Corona: Weiterhin Maskenpflicht in Passau, Lockdown Light verlängert und Skifahren erst ab Januar

von am 28.11.2020

Die Maskenpflicht in Passau gilt weiterhin trotz des Urteils eines Regensburger Gerichtes. Der derzeitige “Lockdown Light” wurde bis zum 20. Dezember verlängert, für die Feiertage sollen jedoch gelockerte Maßnahmen gelten. Skifahren könnte nach einer Forderung von Italiens Ministerpräsident Giuseppe Conte erst Mitte Januar möglich sein. Der CampusCrew-Corona-Ticker:

 

 

Die Zahl der Coronatodesfälle erreicht in Deutschland einen neuen Höchstwert. Binnen eines Tages wurde ein Anstieg von 410 Fällen gemeldet. Die WHO meldete, dass die Todeszahlen auch weltweit gestiegen sind: um mehr als 67.000 Fälle innerhalb einer Woche.

Die 7-Tage-Inzidenz im Landkreis Passau liegt derzeit bei 273,03 und für Passau Stadt bei 352,25.

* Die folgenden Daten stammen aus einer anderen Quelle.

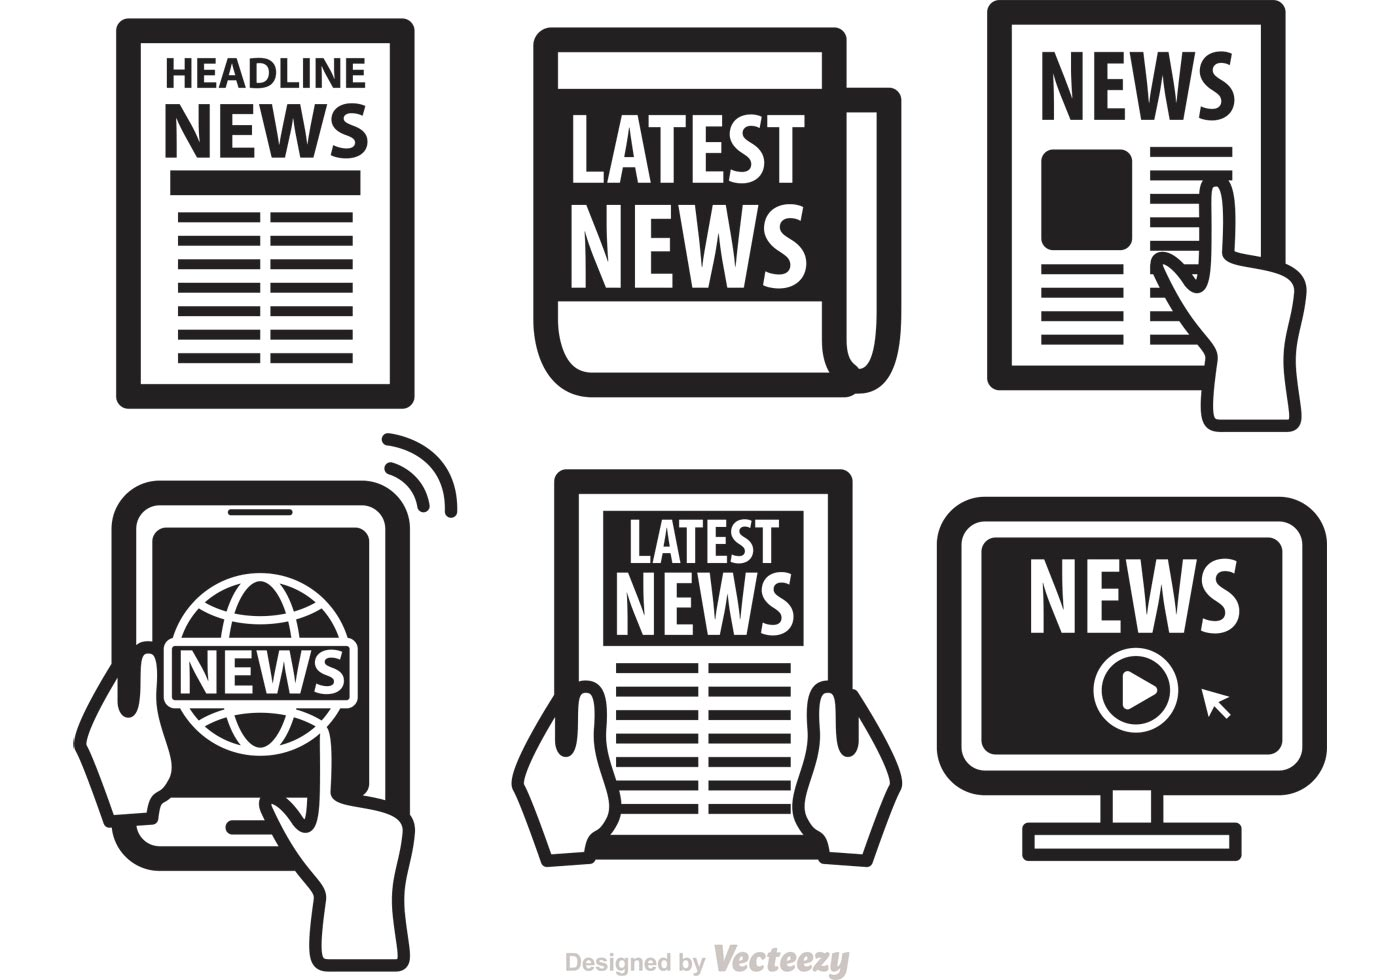 newspaper media icons vectors - download free vector art, stock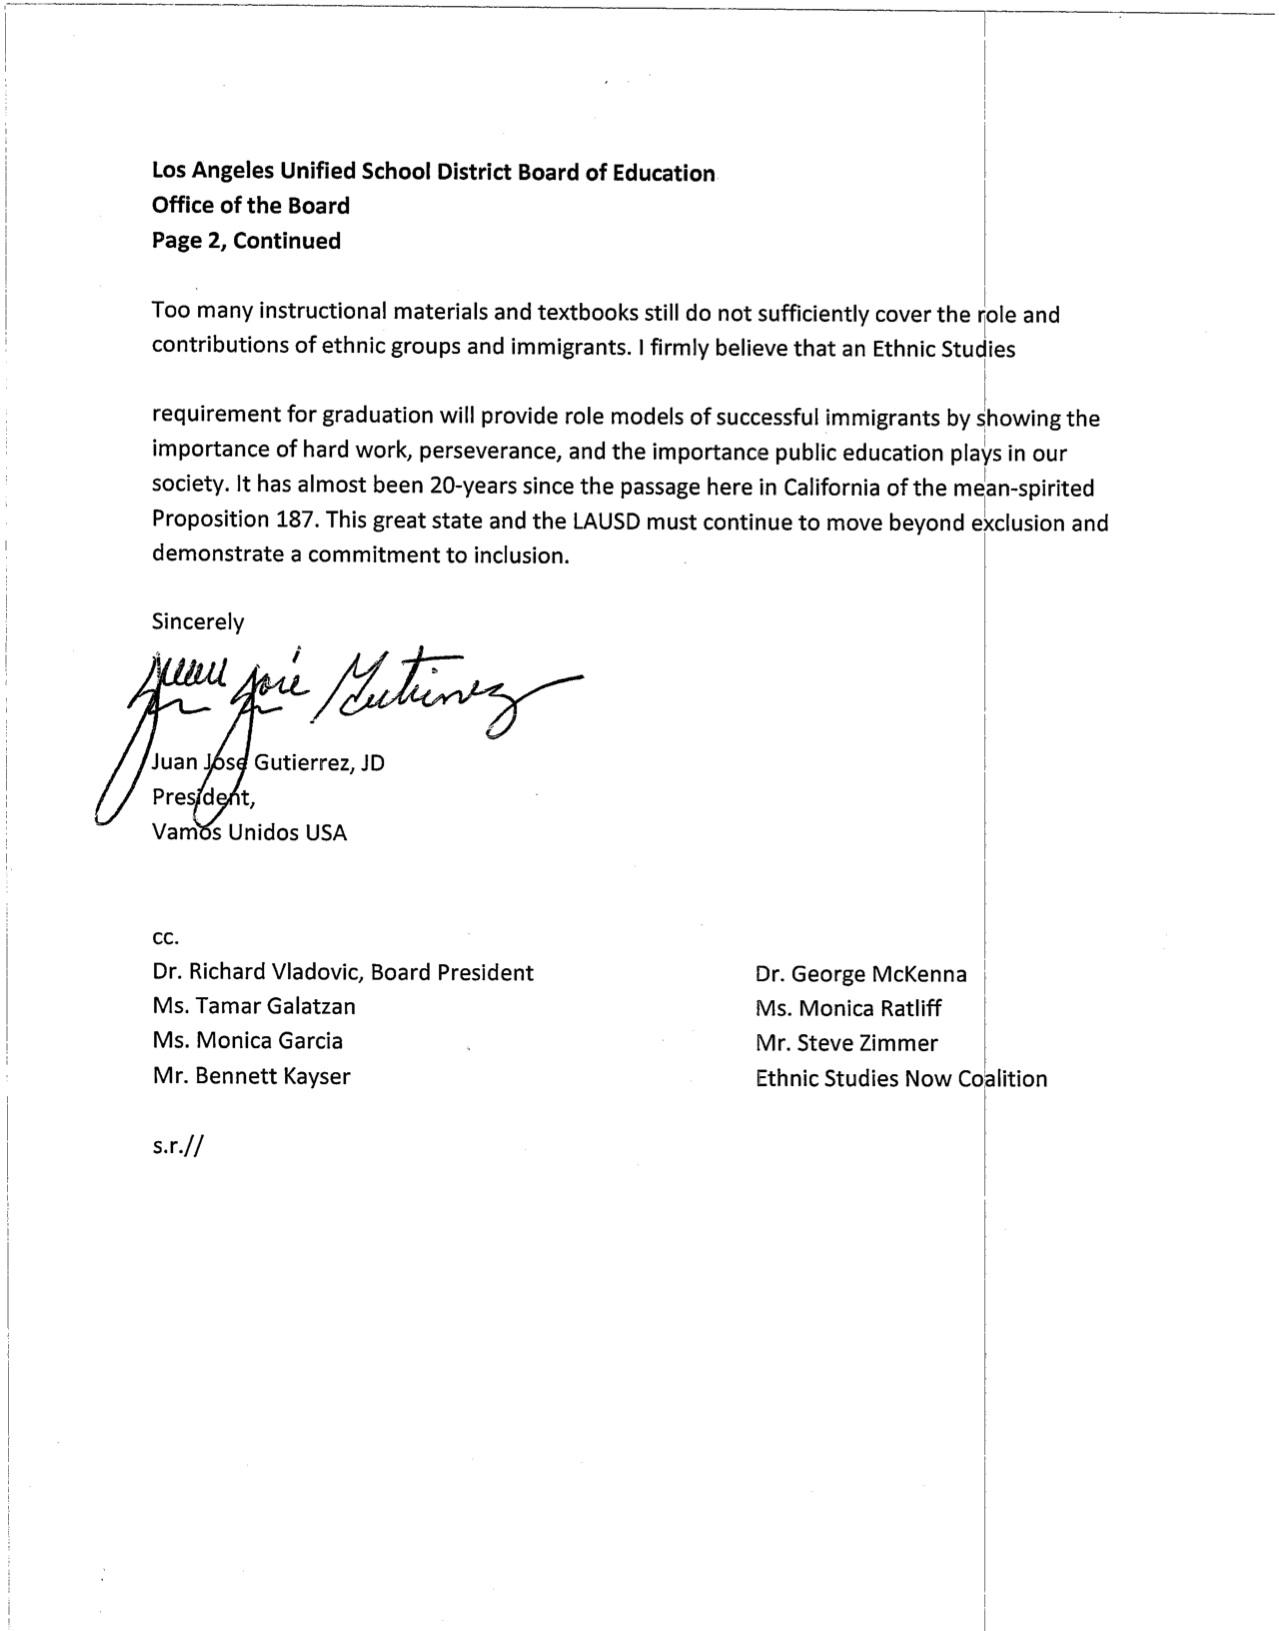 Letter_10-03-14_Juan_Jose_Gutierrez_p2.jpg

Trotz Urteil: Weiterhin Maskenpflicht in Passau

Die Maskenpflicht in Passau gilt weiterhin trotz des Urteils aus Regensburg. Letzte Woche hatten zwei Altstadtbewohner gegen die Maskenpflicht geklagt und Recht bekommen. Das Urteil gilt jedoch nur für die Antragsteller selbst. “Für alle anderen Personen bleibt es bei der Geltung der Maskenpflicht aufgrund der bayerischen Verordnung in Verbindung mit der Passauer Allgemeinverfügung“, so Oberbürgermeister Jürgen Dupper.

“Lockdown Light” verlängert bis 20. Dezember

Aufgrund der weiterhin hohen Infektionszahlen wird der Lockdown Light zunächst bis zum 20. Dezember verlängert. Für die Feiertage sollen jedoch gelockerte Maßnahmen gelten. Vorerst sollen zwischen dem 23. Dezember und dem 1. Januar Treffen mit bis zu 10 haushaltsfremden Personen erlaubt sein. Vor und nach den Feiertagen wird eine mehrtägige Selbstquarantäne empfohlen.

Skifahren erst ab Mitte Januar?

In den Alpenregionen herrscht Streit über die Skisaison. Italiens Ministerpräsident Giuseppe Conte will Skigebiete aufgrund der Pandemie frühestens ab 10. Januar öffnen und ruft zu einem gemeinsamen europäischen Fahrplan auf. Für Österreich würde das laut Finanzminister Gernot Blümel einen Umsatzausfall von 800 Millionen Euro pro Woche ausmachen. “Wenn die EU das wirklich will, dann muss sie dafür auch bezahlen“, teilte Blümel mit. Jedoch sind sich alle Länder einig, dass unkoordinierte, zu schnelle Öffnungen wie immer Sommer ein Fehler wären.